Meetup (social networking data)

NB: The Meetup pipeline will not work until this issue has been resolved.

Data collection and processing pipeline of Meetup data, principally for the healthMosaic platform.

Topic discovery

Task to automatically discover relevant topics from meetup data, defined as the most frequently occurring from a set of categories.

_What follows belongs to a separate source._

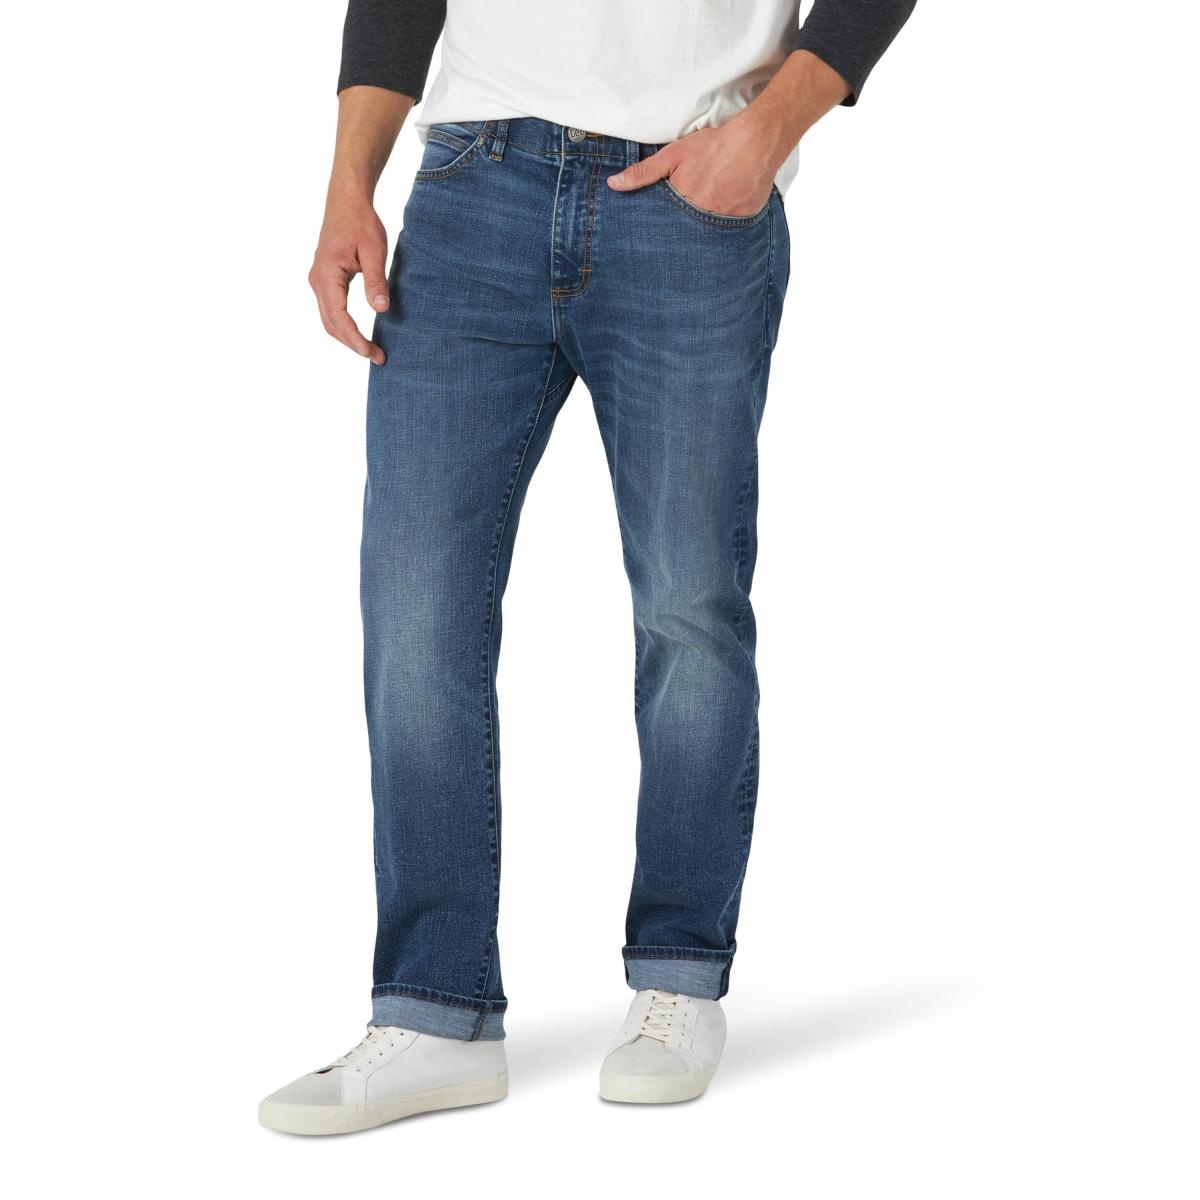 Lee Men's Extreme Motion Athletic Tapered Leg Jean
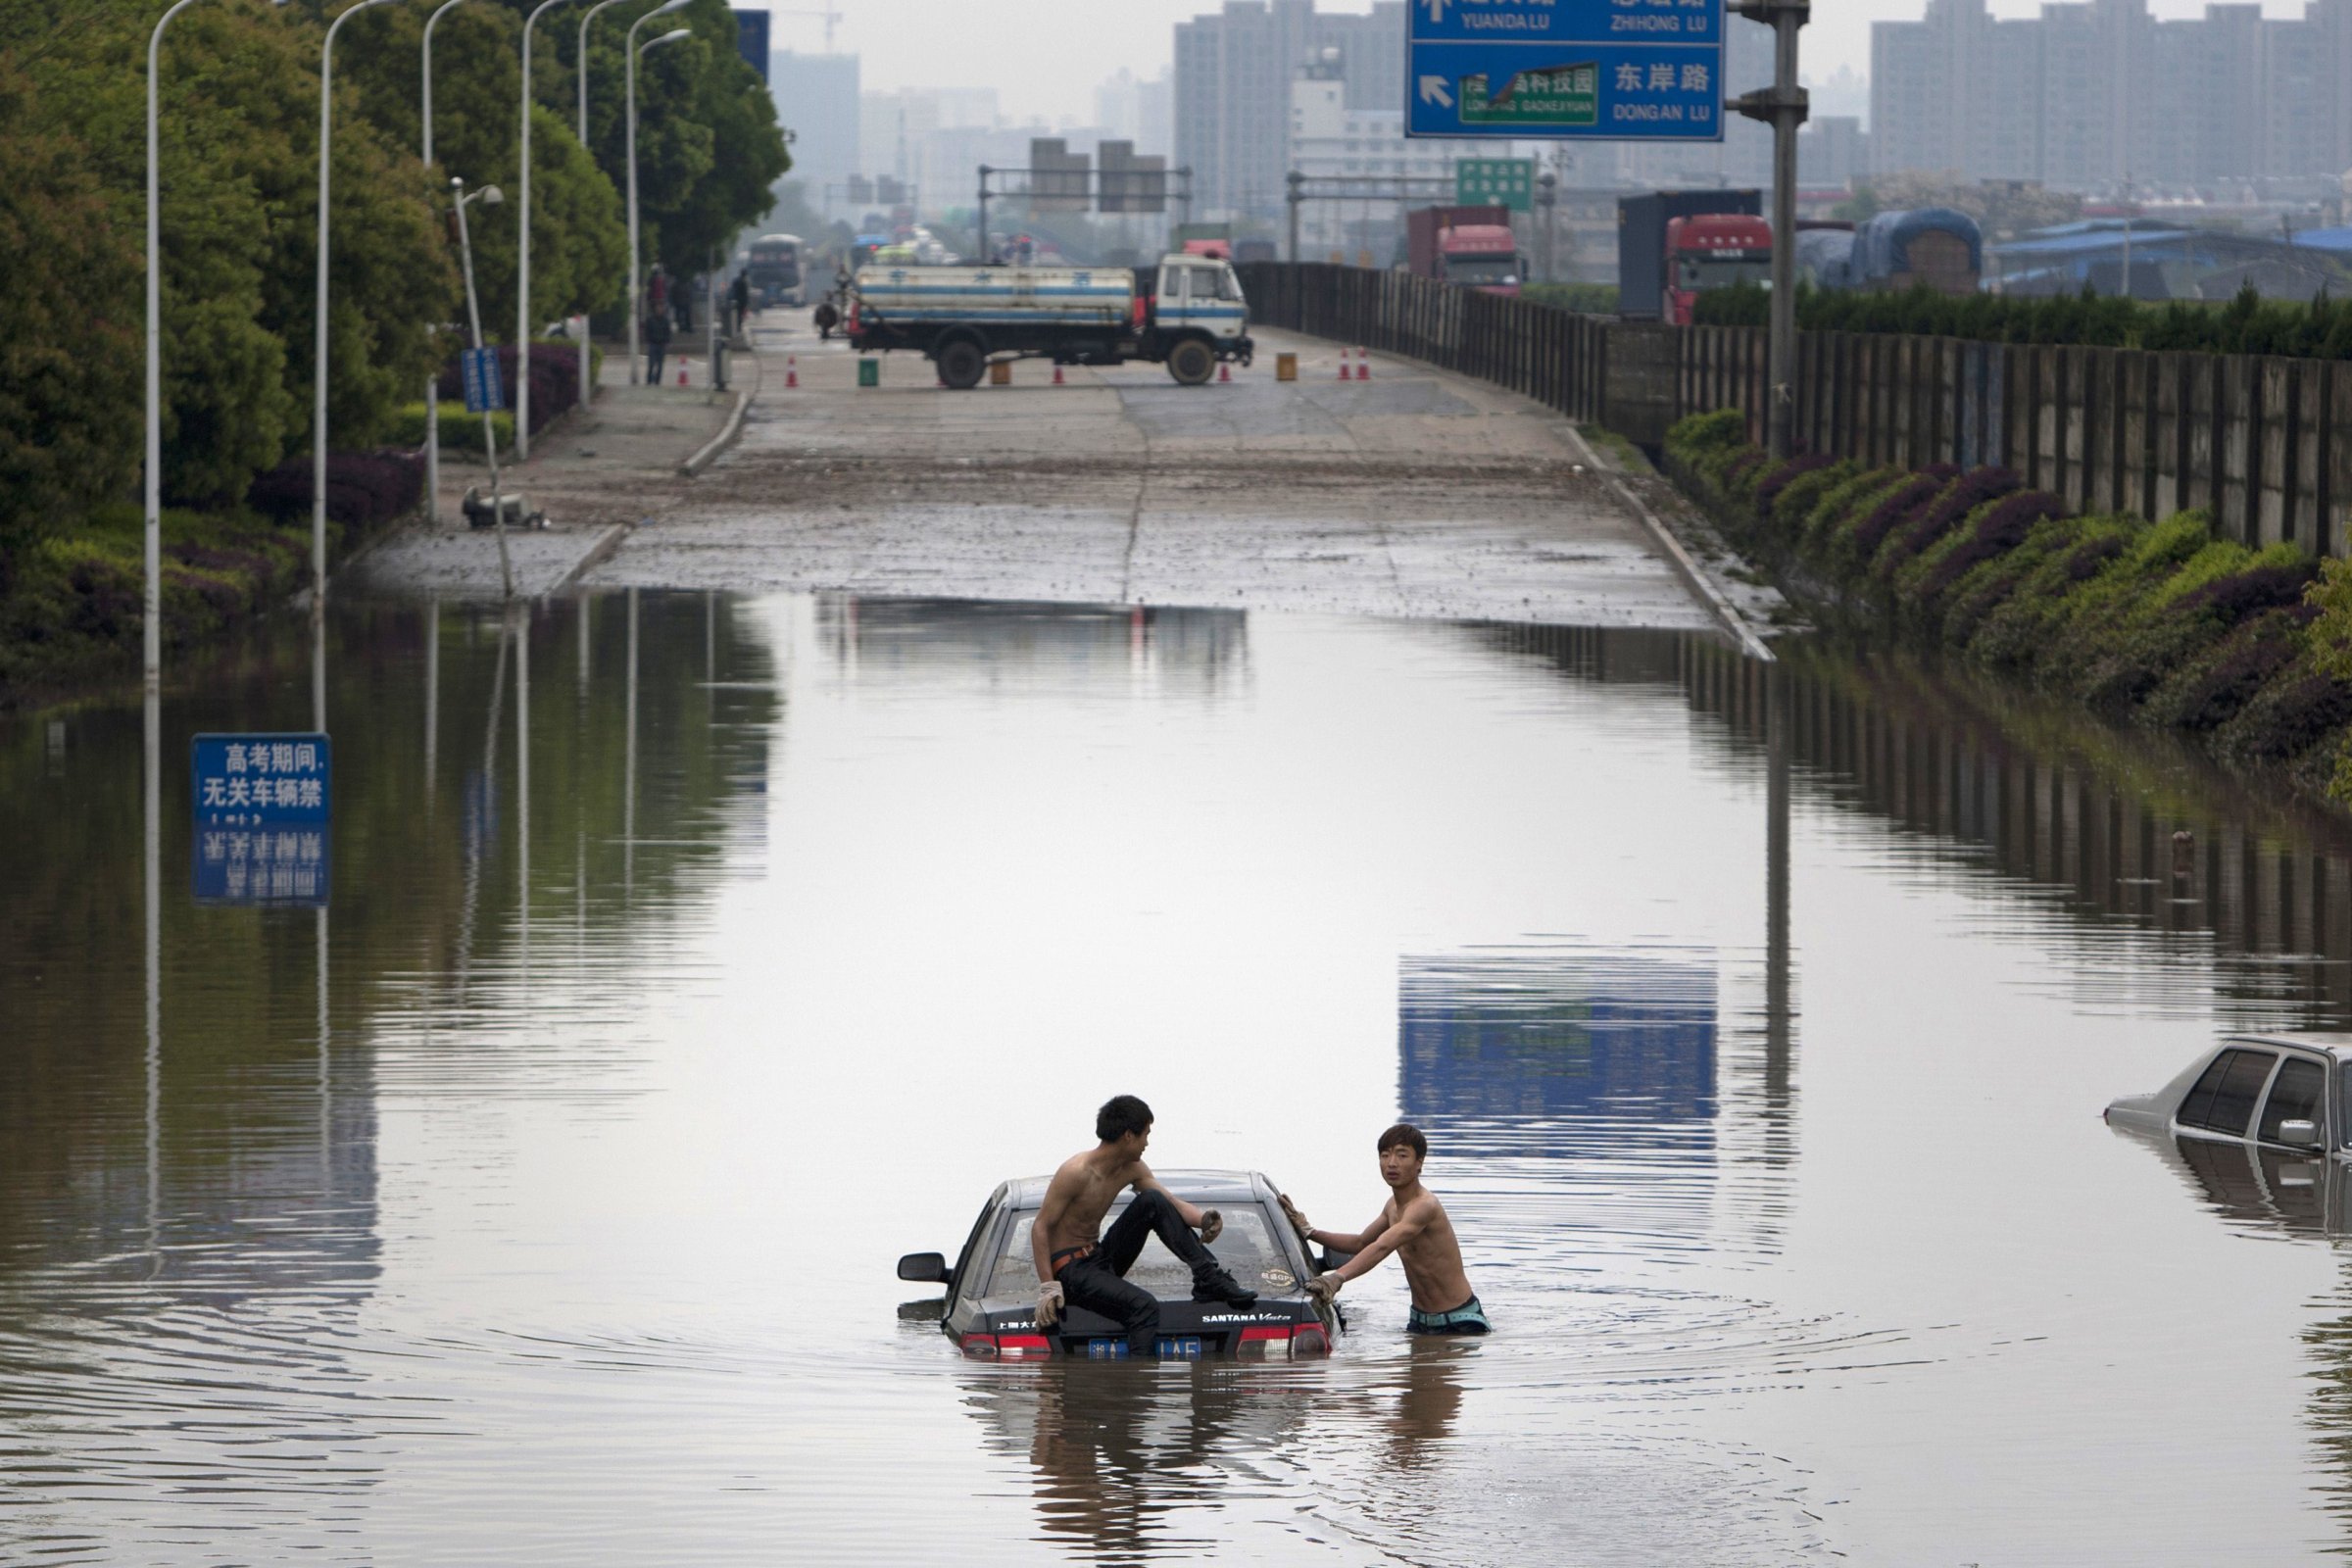 This picture shows two men attempting to push a car out of floodwaters after a storm swept Changsha, central China's Hunan province on taken on April 7, 2015

class TopicDiscoveryTask(*args, **kwargs)[source]

Bases: luigi.task.Task

Task to automatically discover relevant topics from meetup data, defined as the most frequently occurring from a set of categories.

Parameters:
  • db_config_env (str) – Environmental variable pointing to the path of the DB config.
  • routine_id (str) – The routine UID.
  • core_categories (list) – A list of category_shortnames from which to identify topics.
  • members_perc (int) – A percentile to evaluate the minimum number of members.
  • topic_perc (int) – A percentile to evaluate the most frequent topics.
  • test (bool) – Test mode.
db_config_env = <luigi.parameter.Parameter object>
routine_id = <luigi.parameter.Parameter object>
core_categories = <luigi.parameter.ListParameter object>
members_perc = <luigi.parameter.IntParameter object>
topic_perc = <luigi.parameter.IntParameter object>
test = <luigi.parameter.BoolParameter object>
output()[source]

Points to the S3 Target

run()[source]

Extract the topics of interest